- Interactive map of Side Park
- Location: Jiangtai West Road, Chaoyang District
- Area: 161,300 m^{2} (1,736,000 sq ft)
- Operator: Chaoyang District, Beijing Gardening and Greening Bureau
- Status: Open year round

= Side Park =

Park in Beijing, China

Side Park (四得公园 (Sìdé Gōngyuán)) is a public park in Beijing.

The highlights of Side Park include the scenic landscape park, elderly activity area, children's activity area, fitness and entertainment areas and fishing areas.

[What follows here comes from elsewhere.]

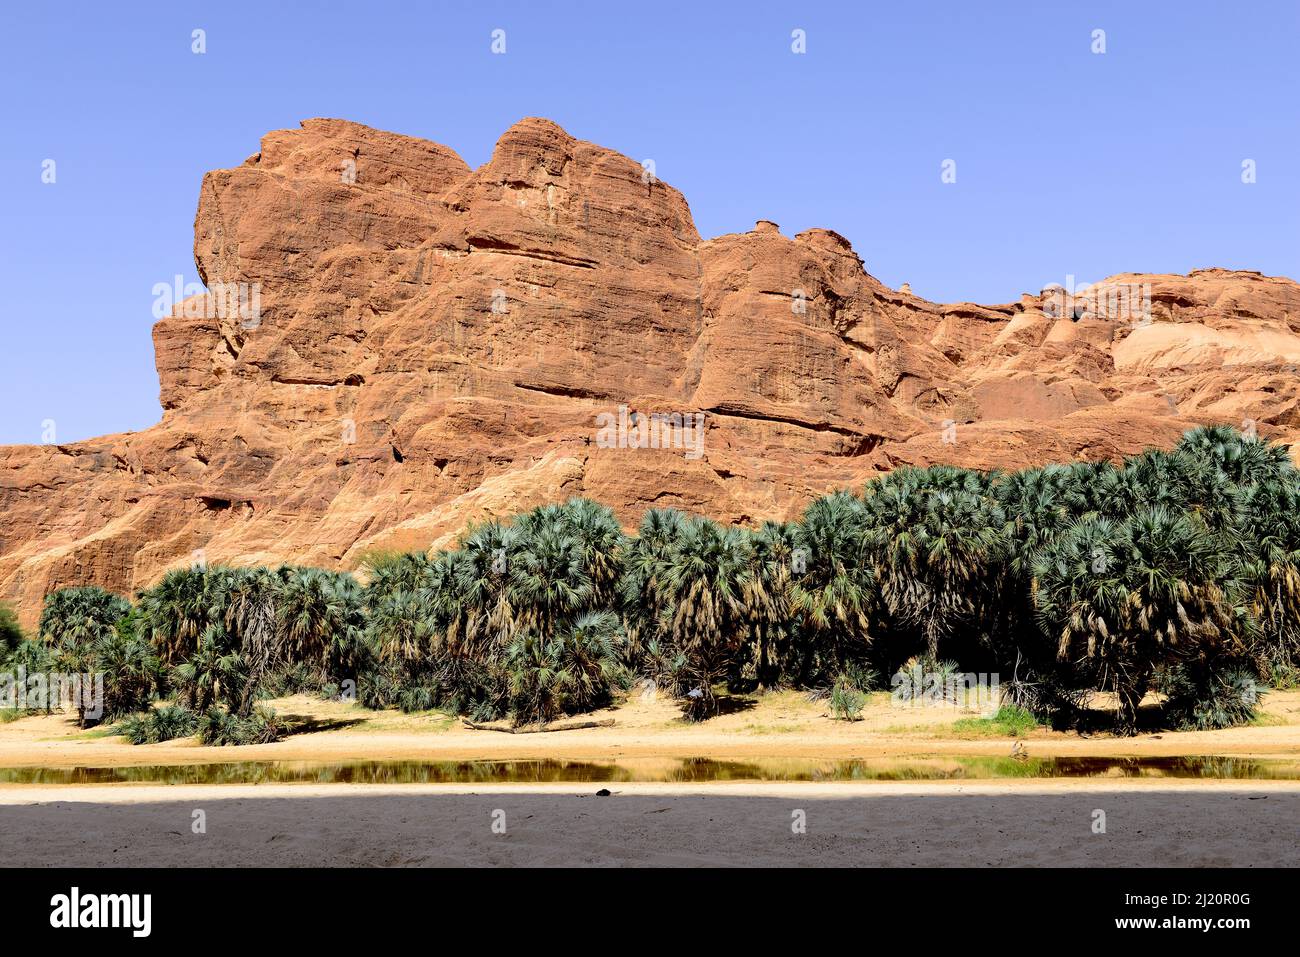 Formaciones rocosas de arenisca erosionadas y árboles en la Reserva Natural y Cultural Ennedi, Patrimonio de la Humanidad de la UNESCO, Desierto del Sahara, Chad. Septiembre 2019. Foto de stock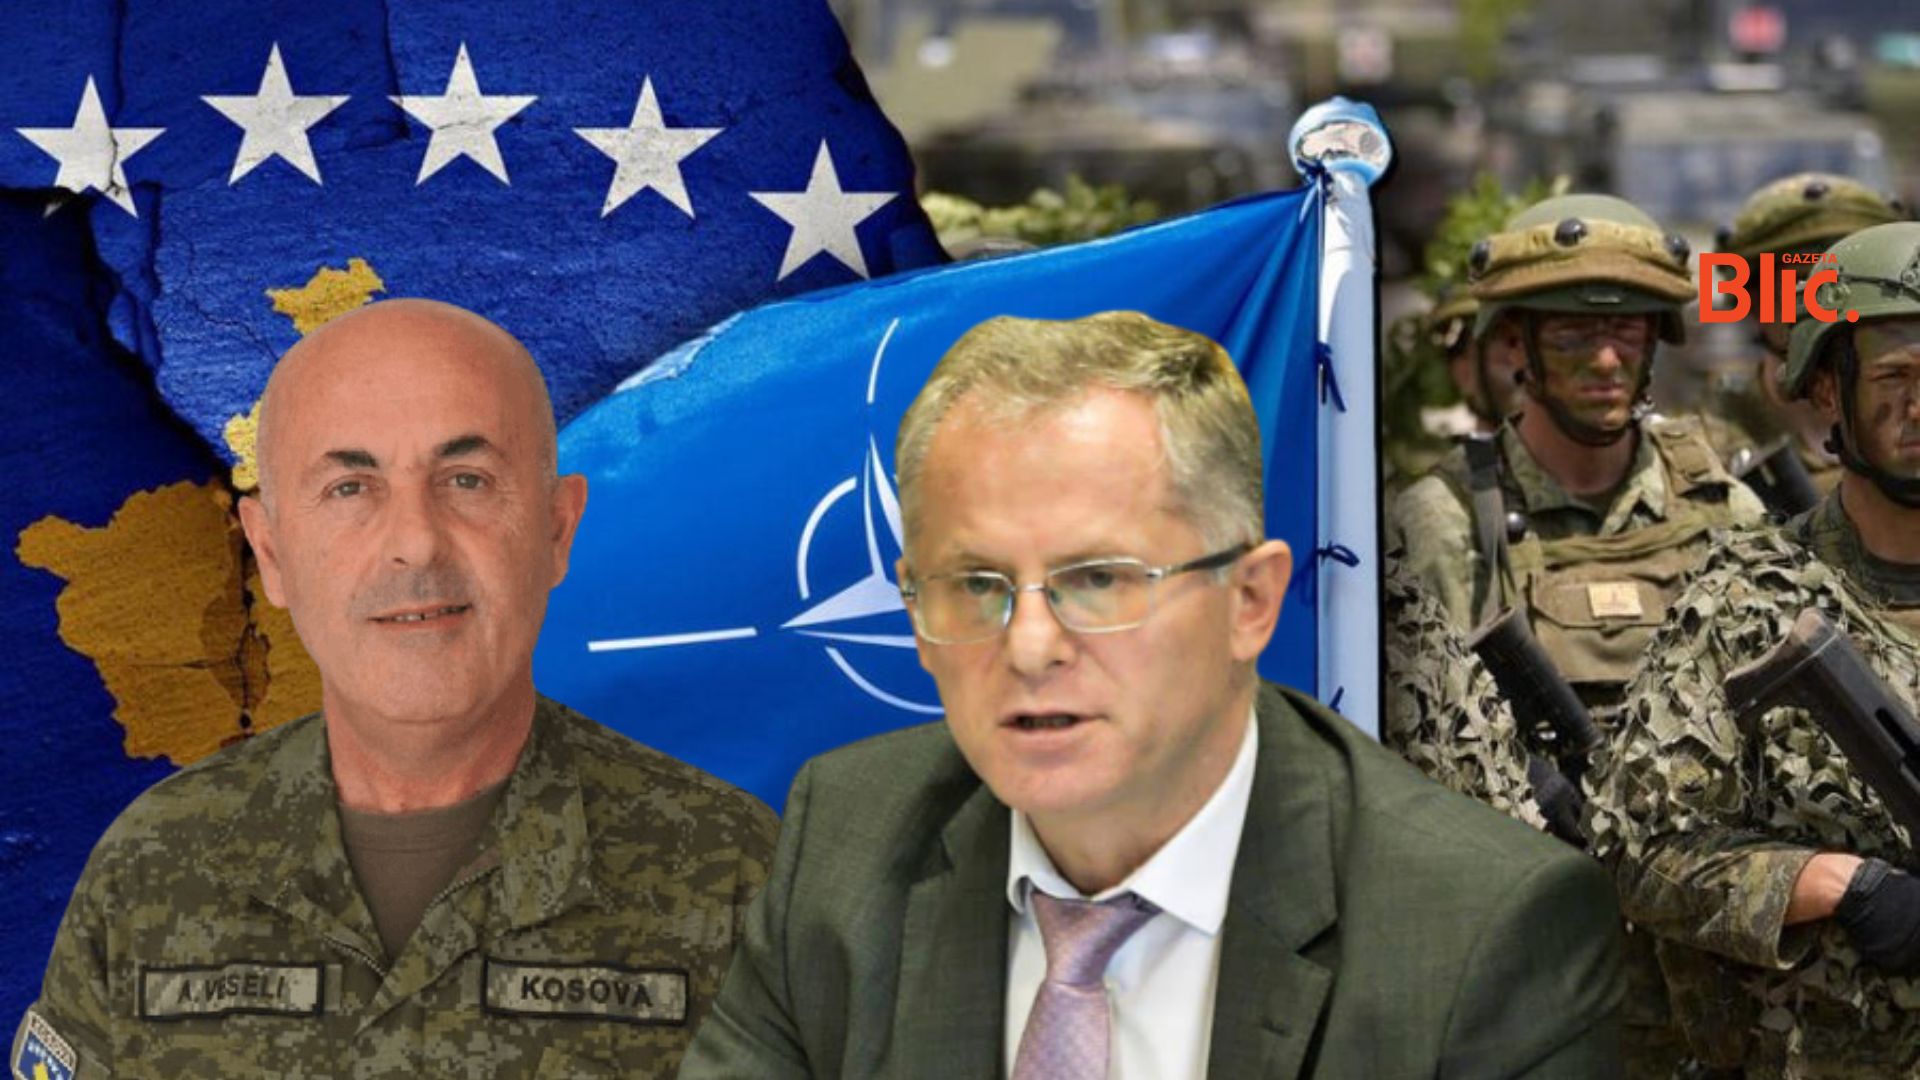 “S’ka luftë në Kosovë, të mos krijohet panik” – Ish koloneli i FSK-së mesazh atyre që duan luftë

There is also a sporting complex, accessed from the south-east gate, with facilities including a 9 a-side all weather football pitch, two 5 a-side football fields, four tennis courts, and areas for badminton, basketball, billiards, table tennis, etc.

The park is suitable for children, providing amenities such as an inflated castle, indoor funhouse, outdoor playground, merry-go-round, football pitches, a rollerblading rink and a fishing pond.

From 2011 onwards, Side Park has been the host of the German Soccer Championship, an event organised by the Sino-German business community.

==Location==
Side Park is just outside the north-east 4th Ring Road, near to the Airport Expressway and Dashanzi (大山子). The park is also located near Fangyuan West Road and Xiaoyun Bridge.